Why im looking for a Malinois, They have a EXTREME high drive and since im becoming a trainer this would be perfect for me IMO because i will be giving the dog my full attention I have mastered Obedience with my Skye she has a SOLID Sit, Stay, Come, Down-stay Heel ,Leave it, Let go, etc she's a really good *Obedience* dog but she can't do schutzhund nor PPD, Personal Protection was my original goal because i would be able to do the Obedience totally by myself socialization for the puppy would be no problem etc this seems to fit Perfectly for a just about any working line Malinois, Where a shepherd i might be to much in the exercise department Skye is 25% rottweiler or so and she can't keep up with me some of the time but she's pretty good. If i where to get a Malinois i would mostly be interested in Personal protection but i am a athletic person who probably wouldn't need a dog for personal protection but i still would love to have one- 1 I would feel more comfortable in alot of places Ie there are druggies etc (I live in canada) I only found the climate might be to cold for the Malinois sometimes.

I have left out the shepherd mostly because in this particular post im not so interested in the shepherd as the Malinois, This IS a GSD site lol but i have not seen anything related to information i need except here,

I realise SchH is a sport and PPD is basically entirely different. This isn't so much about SchH but about Malinois ability in SchH or PPD compared to a GSD 
In either or.. i can give further details if i need to i am extremely keen on learning more thanks


----------



## Packen

Mals are great for Sch, you just need to find one that can track.


----------



## David Winners

Don't judge the GSD off one example that isn't even purebred. There are lots of GSDs that excel in PPD and sports. You just need the right dog, which starts with the right breeder. There are plenty of GSDs that rank right up there with mals when it comes to drive.

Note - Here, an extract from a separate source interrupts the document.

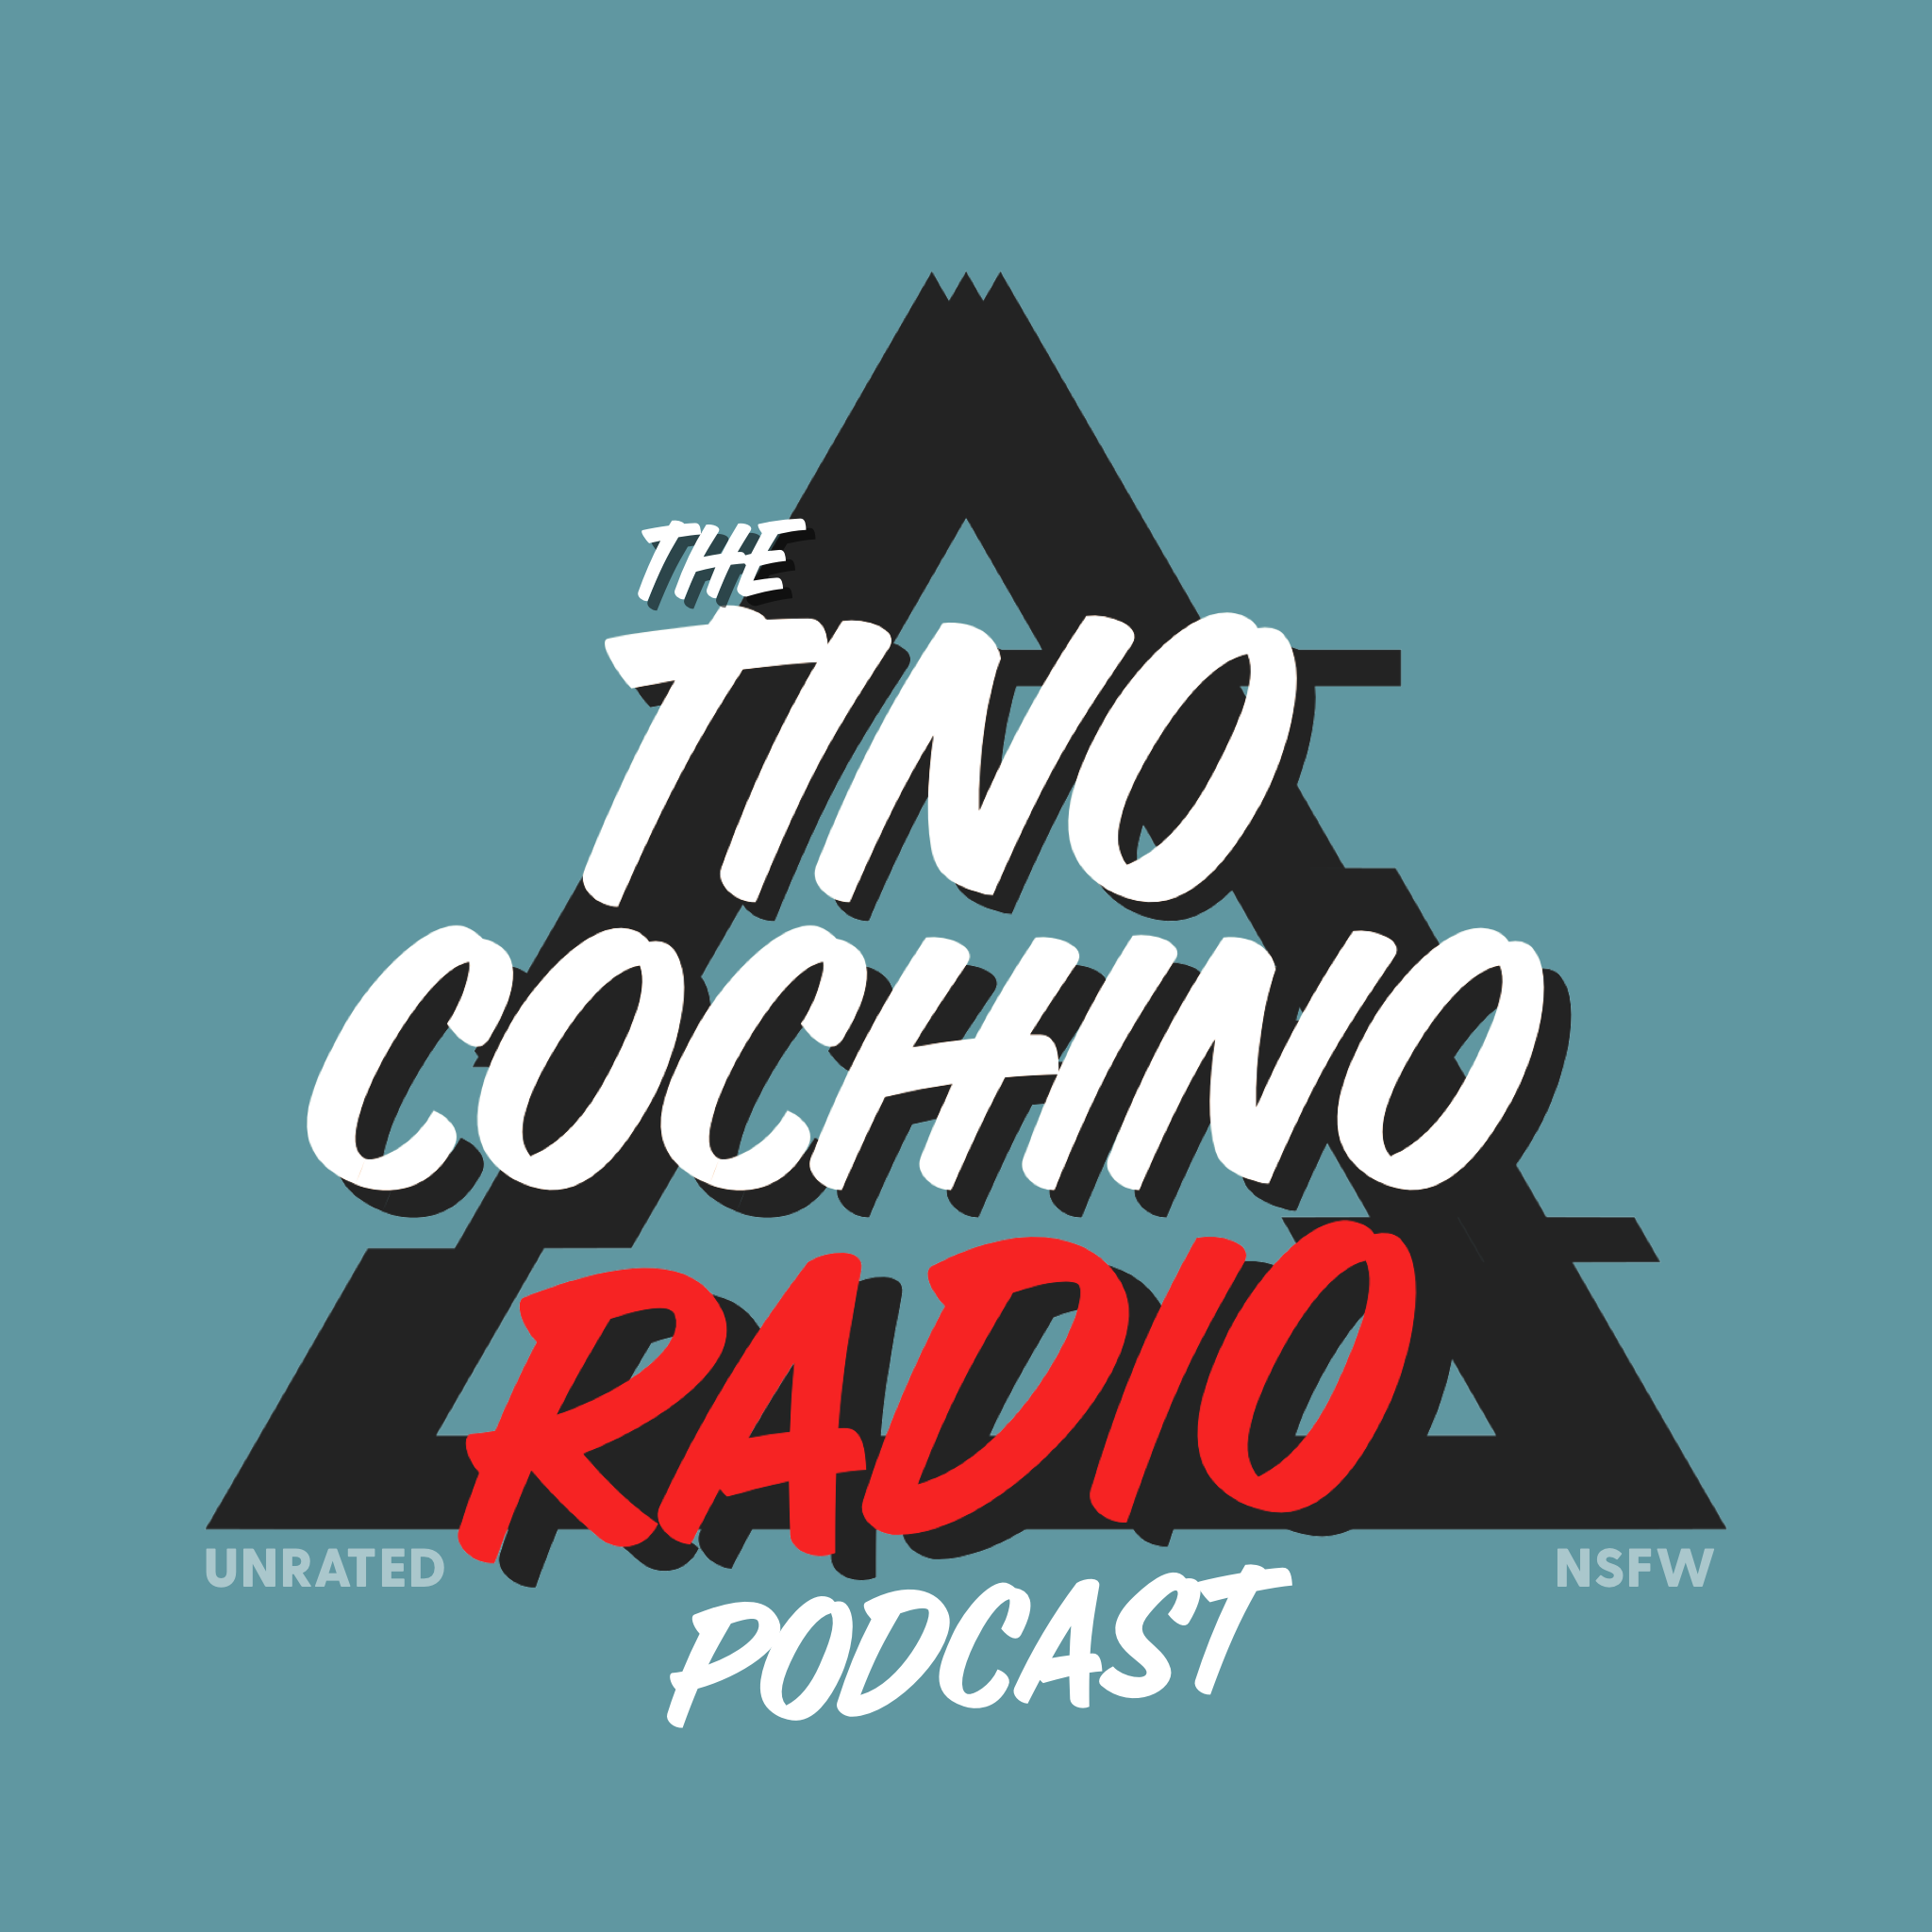 Podcast - Tino Cochino Radio

That said, Malinois excel at the top of sports and military / LE operations. If you are looking to take the podium, you probably want a mal and some great trainers.


David Winners


----------



## crackem

Mal's can be great, and I don't want to burst your bubble, but hang around long enough and you'll find more than one or two Mal's that can't hack it either. 

Do your homework, find good dogs, then find out where those dogs are coming from and go there to get one. Doesn't matter if it's GSD or Mal.


----------



## Neko

Not sure why GSD is not for a novice handler if you find the right one... It's my first dog, we are doing amazing with him and easiest dog to train. =)


----------



## wildo

The more Mals I see (and of course owning one [potentially a mix]) the more I absolutely love them. They are more compact, more agile, higher drive, more compliant, require less corrections, etc, etc. Yes- those are over generalizations, but they are my observations having met a few. I can't say I've met as many Mals as perhaps Packen has since IPO folks probably see a lot of them. Still, I'm rather sold on the breed over a GSD.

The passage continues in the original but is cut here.